Atleticos de San German
- League: BSN

Personal information
- Nationality: Puerto Rican

Career information
- Playing career: 1963–1973

Career history
- 1963–1973: Atleticos de San German

Career BSN statistics
- Points: 1,069 (7.5 ppg)
- Rebounds: 277 (2.0 rpg)
- Assists: 181 (1.3 apg)

= Nelson Morales (basketball) =

Player for the basketball league in Puerto Rico

Nelson Morales (born approx. 1945) is a retired Puerto Rican BSN professional basketball player. He played nine seasons for the Atleticos de San German in the city of San German, averaging 7.5 points, 2.0 rebounds and 1.3 assists per game.

==Basketball career==
Morales began playing for the Atleticos in 1963, playing in 14 games that season, with an average of 4.2 points a game, without recording a rebound or assist in any of the 14 games he played at.

For the next two years, his stats did not improve very much, but in 1966, he saw an increase in play time, which in turn led to a much improved level of performance and he averaged double digits in scoring for the first time in his BSN career, scoring 230 points in 20 games for an average of 11.5 points a game. He also caught his first recorded BSN rebound and passed his first recorded BSN assist, finishing with 2.6 and 1.1 per game in those two categories, respectively.

Aside from having a woeful season from the free-throw line during 1967, (he made only 38 of 171 attempts for an average of 22 percent free throws made) the 1967 BSN season turned out to be the best, statistically speaking, of Morales' 9 seasons at Puerto Rico's top professional basketball league, as he averaged 13.7 points per game, with 4.3 rebounds and 3.2 assists per game, all career highs for the young basketball player.

Those numbers declined sharply during the 1968 season, when he was able to play in only 9 games due to injury, and had averages of 6.6 points, 2.2 rebounds and 1.8 assists per game.
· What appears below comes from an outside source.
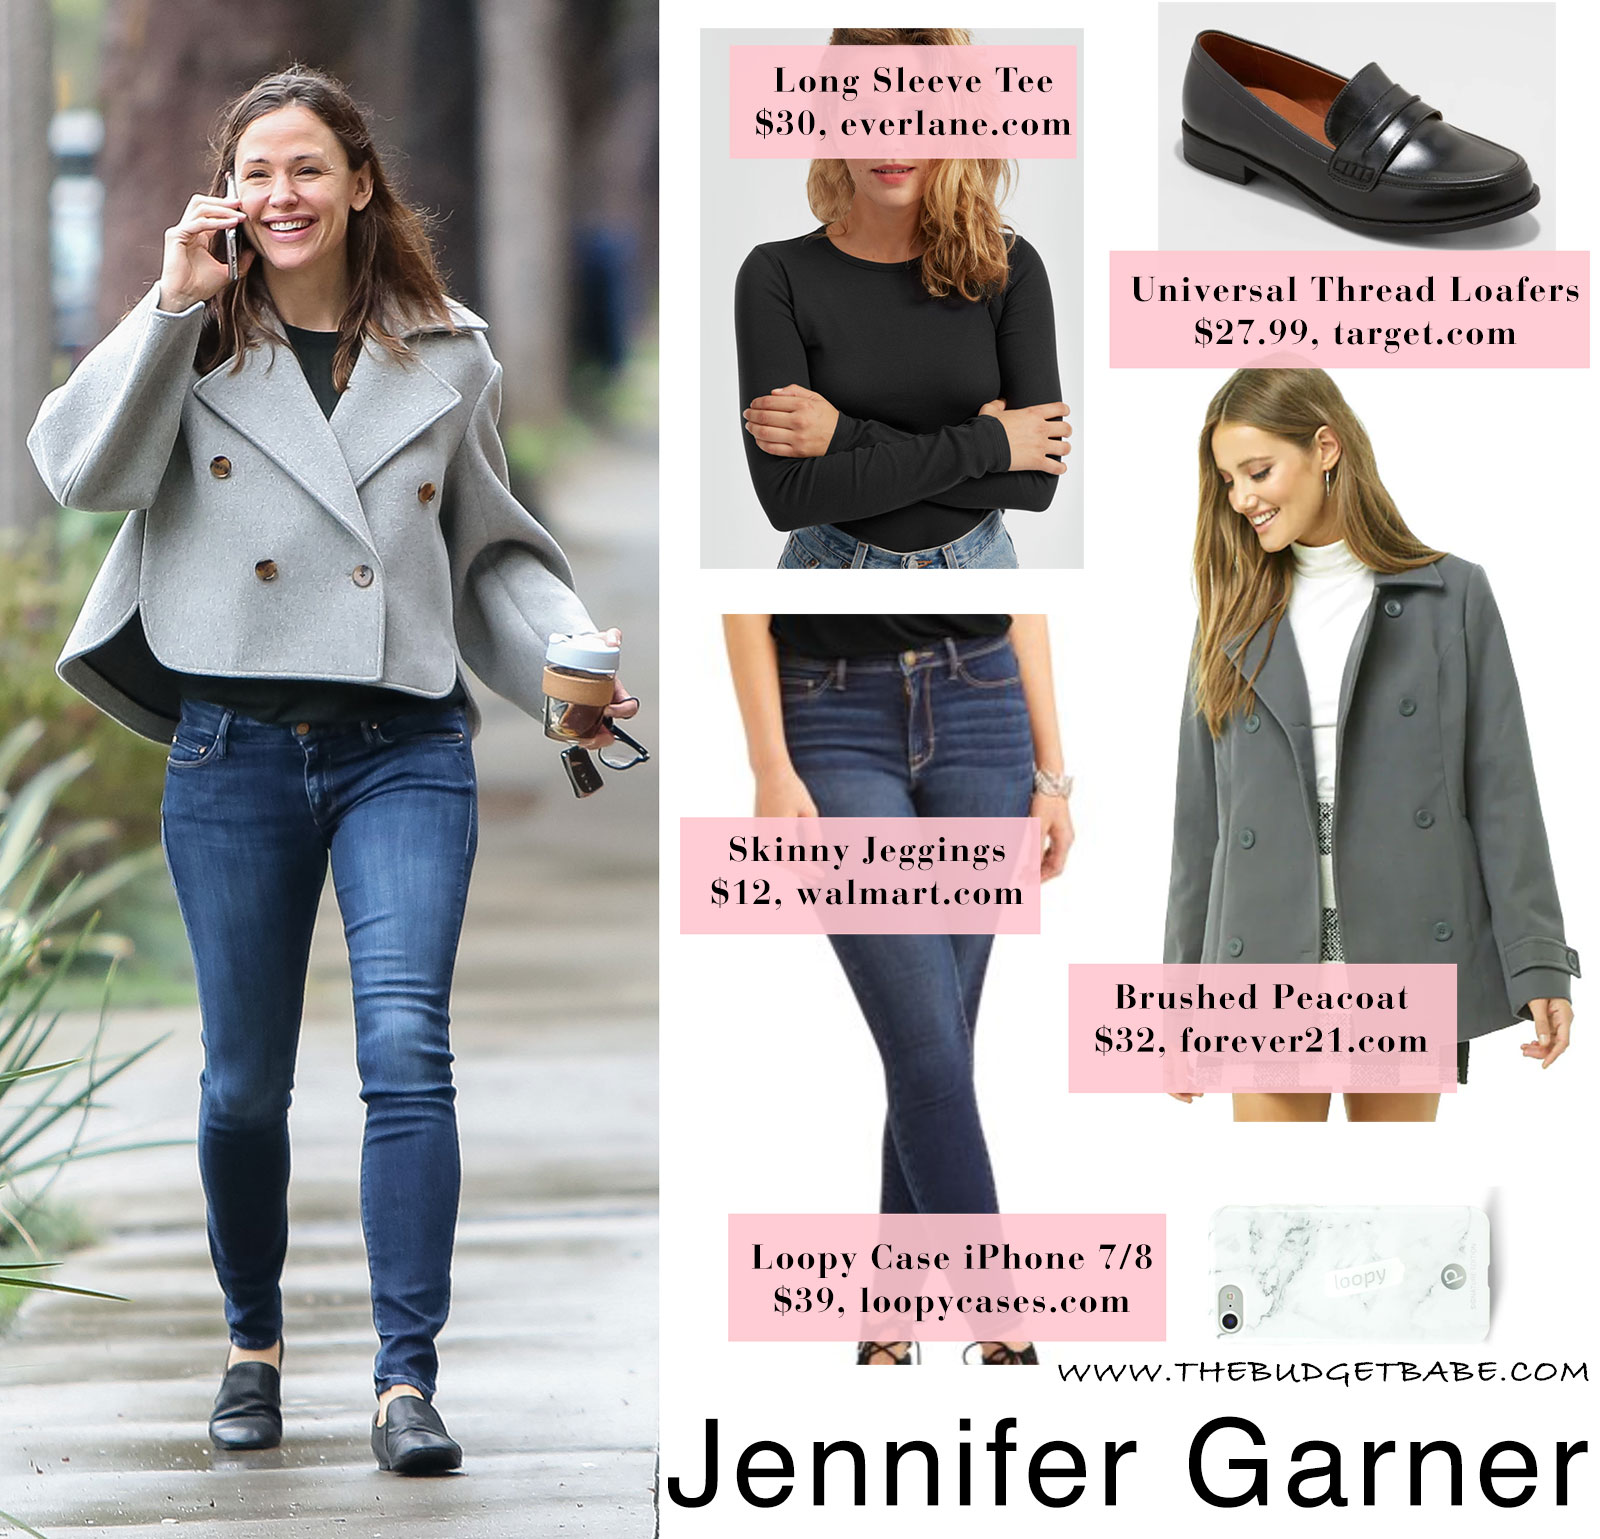 Jennifer Garner's moto jacket look for less

Morales spent the 1969 BSN season sidelined and returned during the 1970 season, faring a bit better statistically-wise but also falling victim to injury again. During the 1970 season, Nelson Morales played in 11 BSN games, averaging 1.8 assists, 3.1 rebounds and 8.2 points per game.
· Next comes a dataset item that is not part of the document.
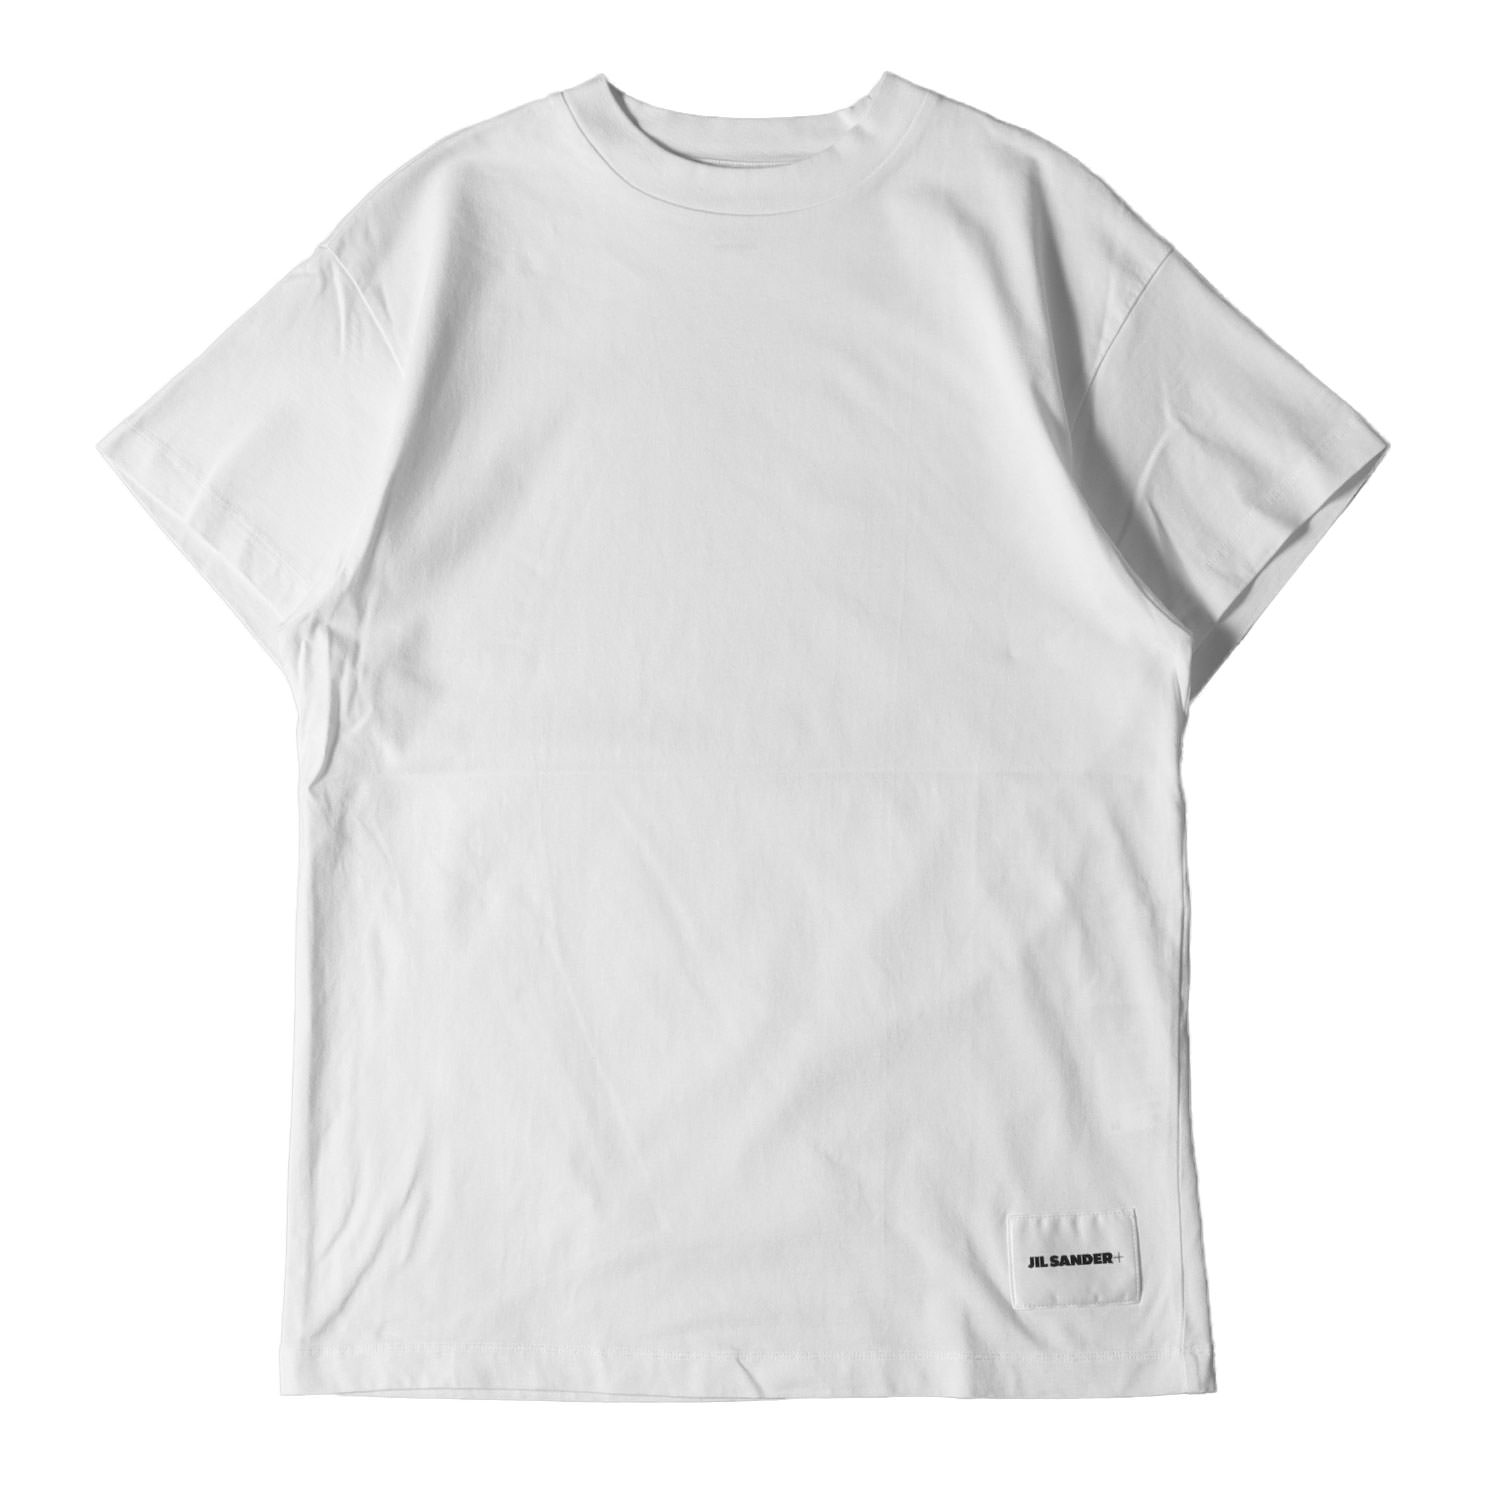 楽天市場 ジル・サンダー Tシャツ サイズ:S 裾 ロゴ

Once again, injuries hampered his career during 1970 and 1971, year in which he did not see action during the 1971 BSN season. In 1972, Morales returned to the BSN basketball courts, participating in 13 games for the Atleticos, scoring 6.6 points, passing for 2.0 assists and catching 1.5 rebounds for the Atleticos.

Finally, Morales participated in 8 games during the 1973 BSN season for the Atleticos, with an average of 1.0 points and rebounds per game, without recording any assists. He announced his retirement from professional basketball soon after.

==Other sports==
The town of San German honored Morales by naming a local softball league, the "Nelson 'Cayito' Morales" softball league. The league was incorporated in 2002.